One Mile High Skyscraper-Is It Feasible?

And we could call it the Mirage Tower! And we could have it link to the space station! (FF 1 reference ;))

Yeah, that would be cool. There’s a building in Durham, North Carolina known as the “Phallus from Dallas” that has a bit of this aspect to it. (Very tall building in the middle of nowhere).

Yeah, but it would be COOL… :cool: :smiley:

And really, what better reason IS there for constructing a massive technological marvel?
Ranchoth

Not if you keep the height-width proportions right. The thing is, engineers should focus on making buildings larger, not just taller. Increase their footprint and you’ll avoid a lot of the problems you described.

Let’s face it - it’s just not intelligent to build gigantic buildings that do not serve an economic purpose. This isn’t going to the moon, or doing basic research - there’s no humanitarian benefit to building a humongous structure. It would just be ‘cool’. But I’d want a hell of a lot better reason than that if it were my money being spent.

And in the post-9/11 era, the risk of terrorism has to be factored in to any analysis.

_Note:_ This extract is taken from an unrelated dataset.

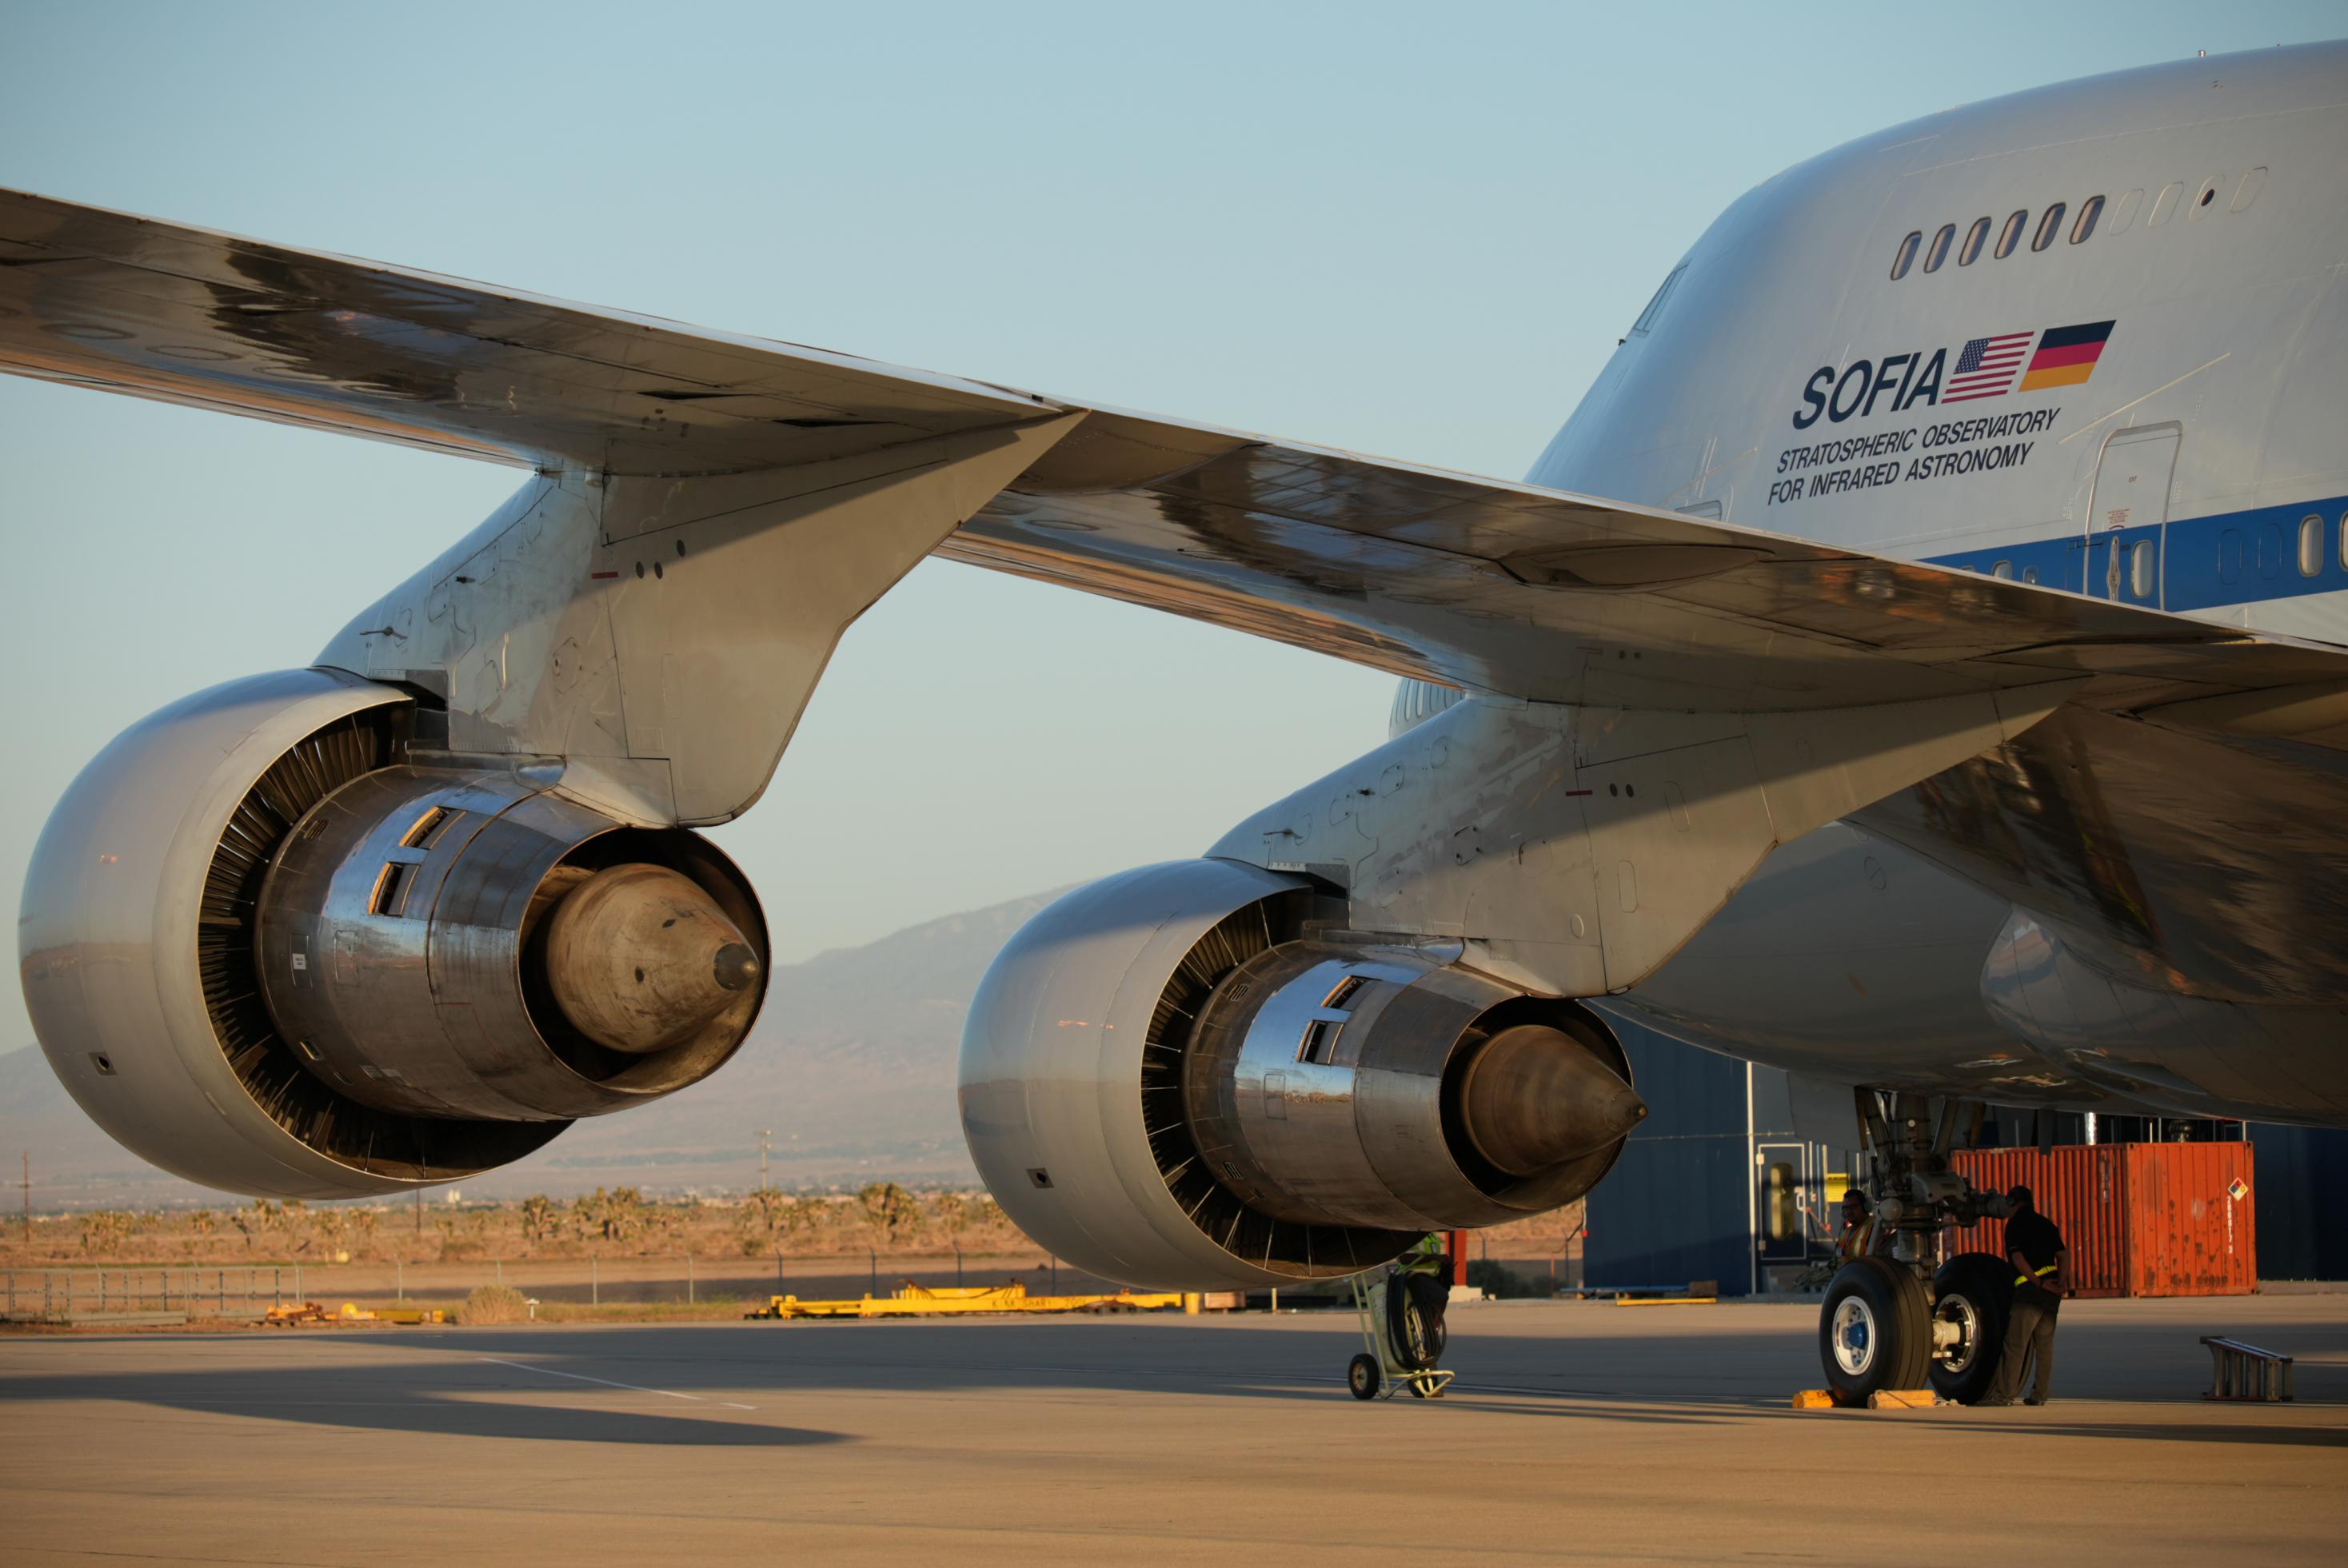 Nahaufnahme der zwei SOFIA-Motoren auf der linken Seite des umgebauten Jumbo-Jets im Abendlicht

There are other, better ways to increase living density if we want to. Condominiums, structures of medium-rise buildings with interconnected walkways, high-speed transportation between communities, etc. This allows us to keep infrastructure like parking and mechanical and transportation arteries at ground level where they are most efficient and inexpensive, while housing people in very high densities.

Lucwarm, that reminds me of the Wachovia building in down-town Winston-Salem. Everyone just calles it “The Penis Building”. I guess they’re just not as clever in WS.

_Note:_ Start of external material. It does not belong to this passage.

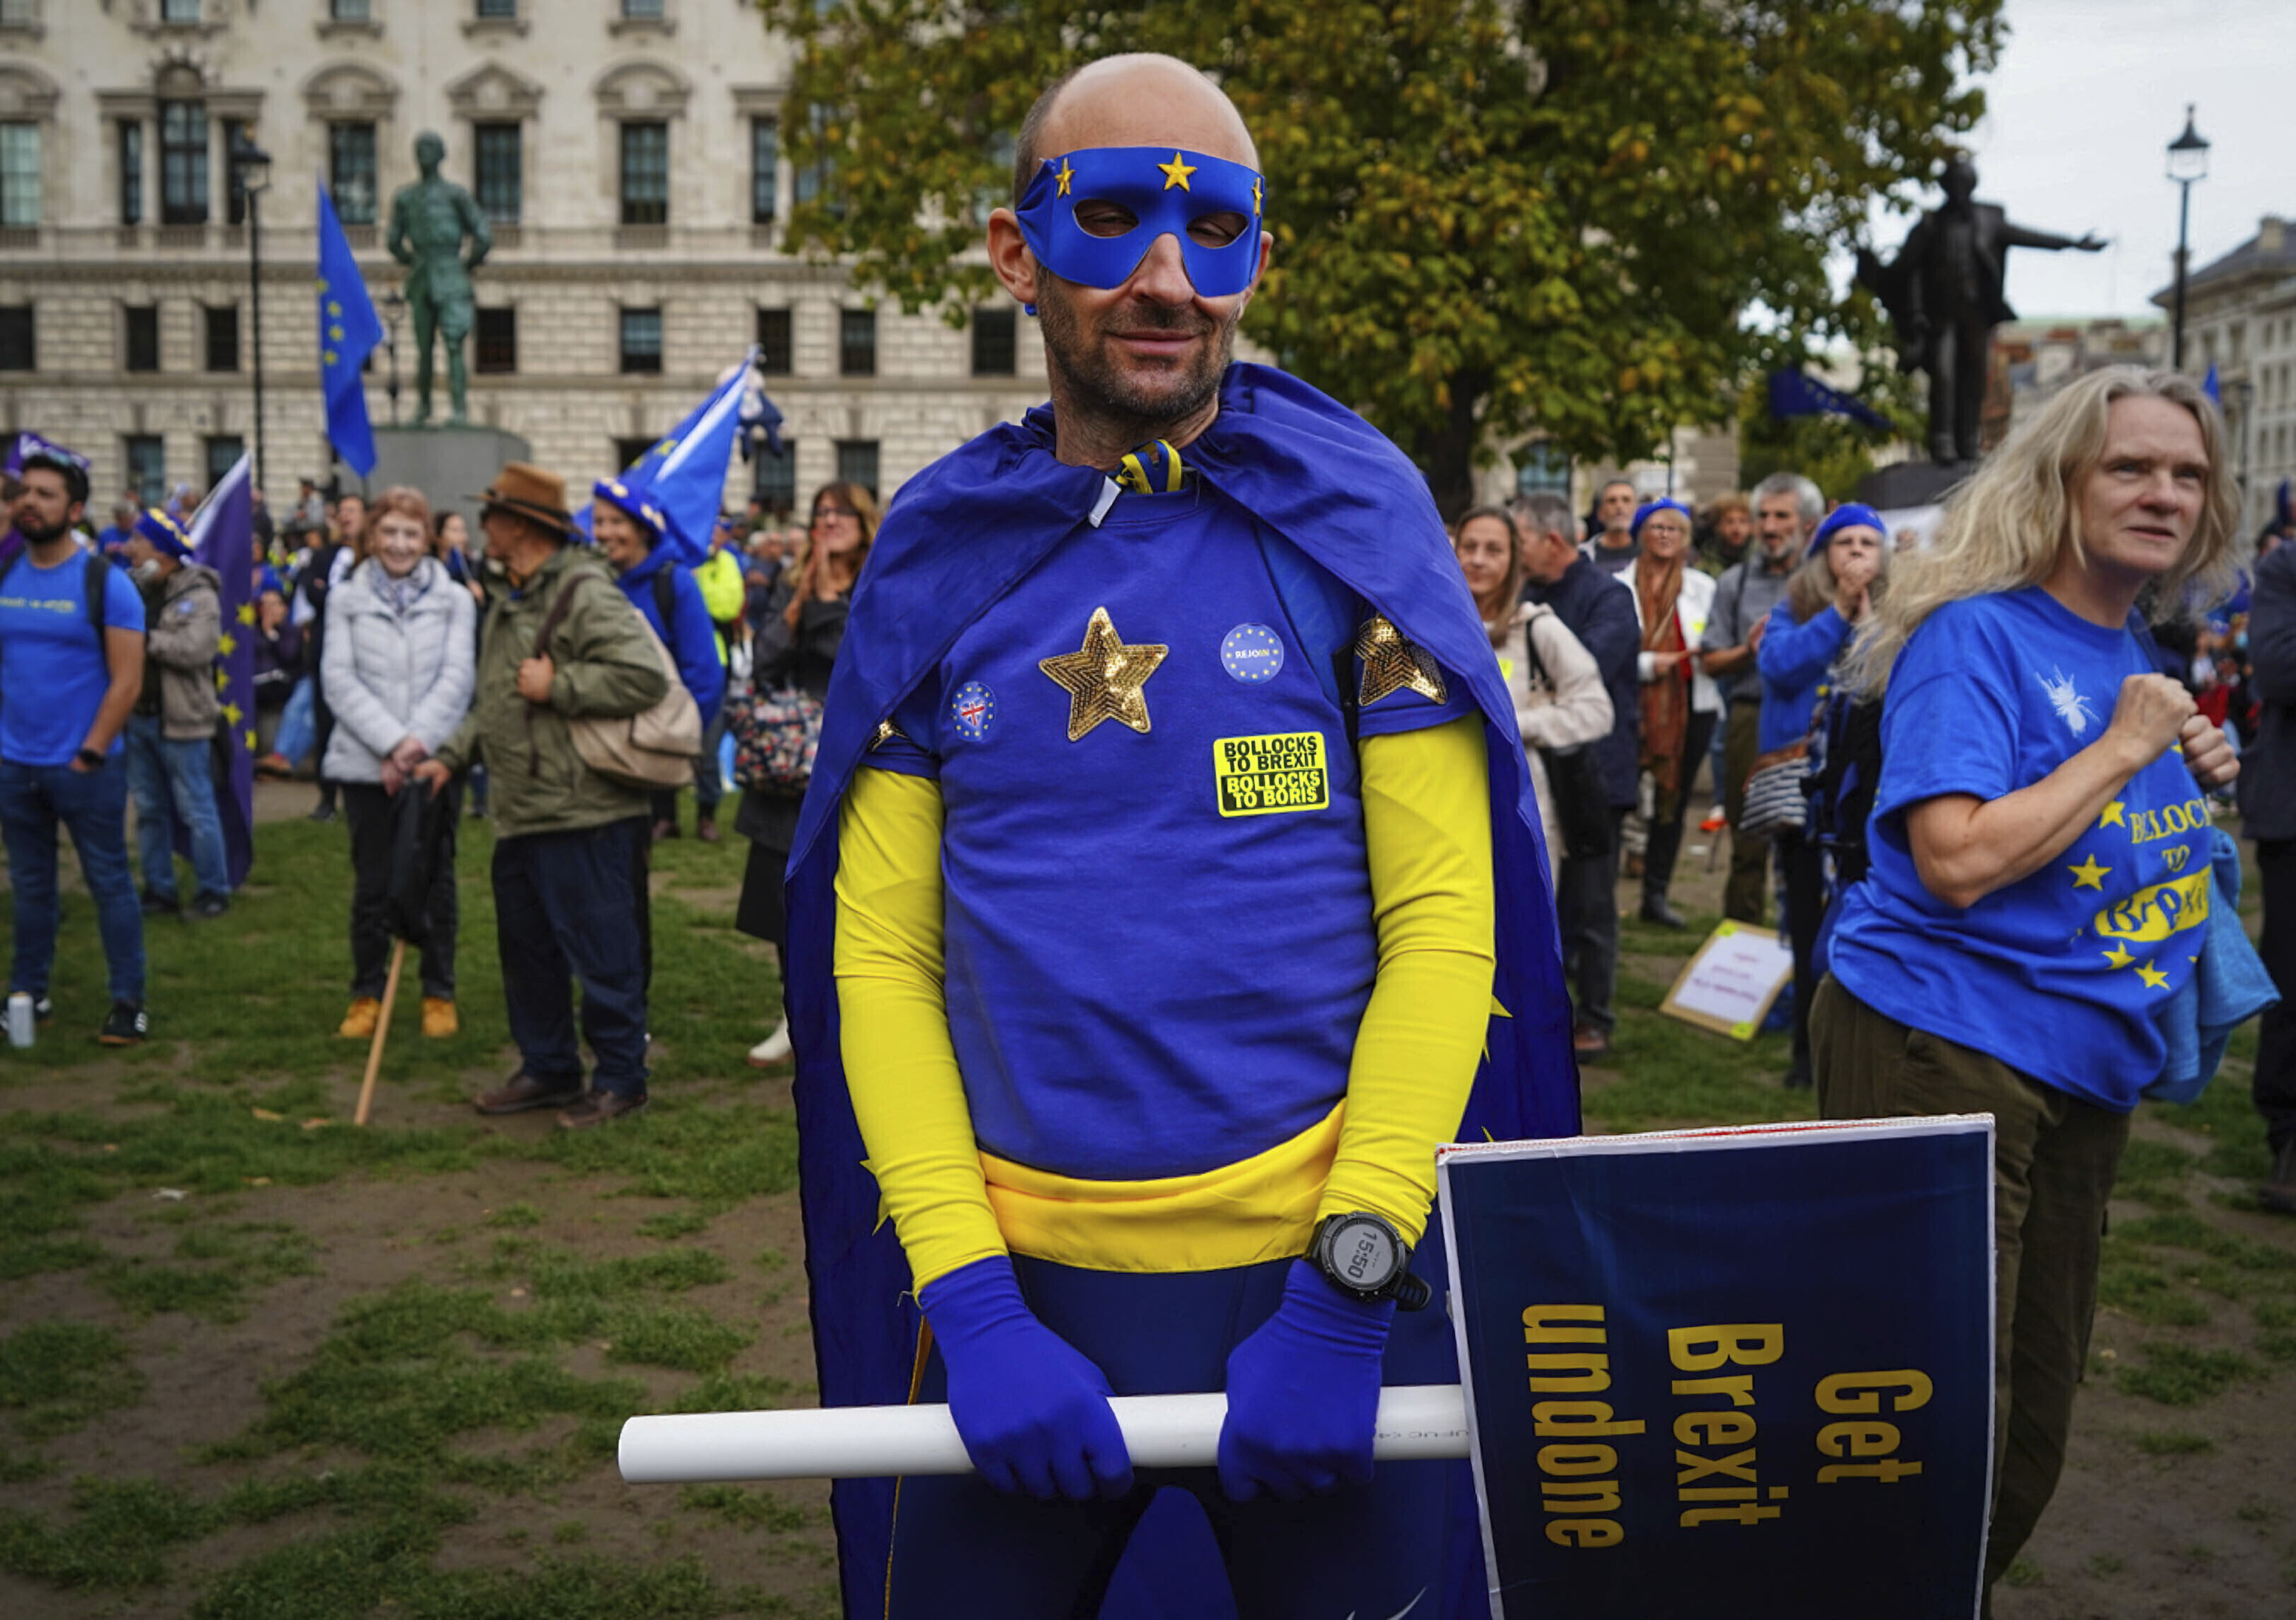 Un participante de la reciente manifestación anti-Brexit celebrada en Londres.

From what I understand, one of the problems with a building this tall is that the weight on the basement support structure would be so extreme that it would generate a tremendous amount of heat. Though I imagine a conical or pyramidal, or Eiffel Tower type design would disperse the weight. So a building a mile high would probably have a freakin’ HUGE ground area. We may have to put it in the middle of the desert.

G’day guys… I live on the waterfront on a beautiful quiet little bay not far south of Brisbane, Australia. My patio opens up onto a grassy lawn and a private beach and each morning the inshore dolphins swim by. Next door is a sailing club and behind me is a park and to my right is some more park. Across the water is a lovely island called Crab Island because, you guessed, you can catch LOTS of crabs there to eat.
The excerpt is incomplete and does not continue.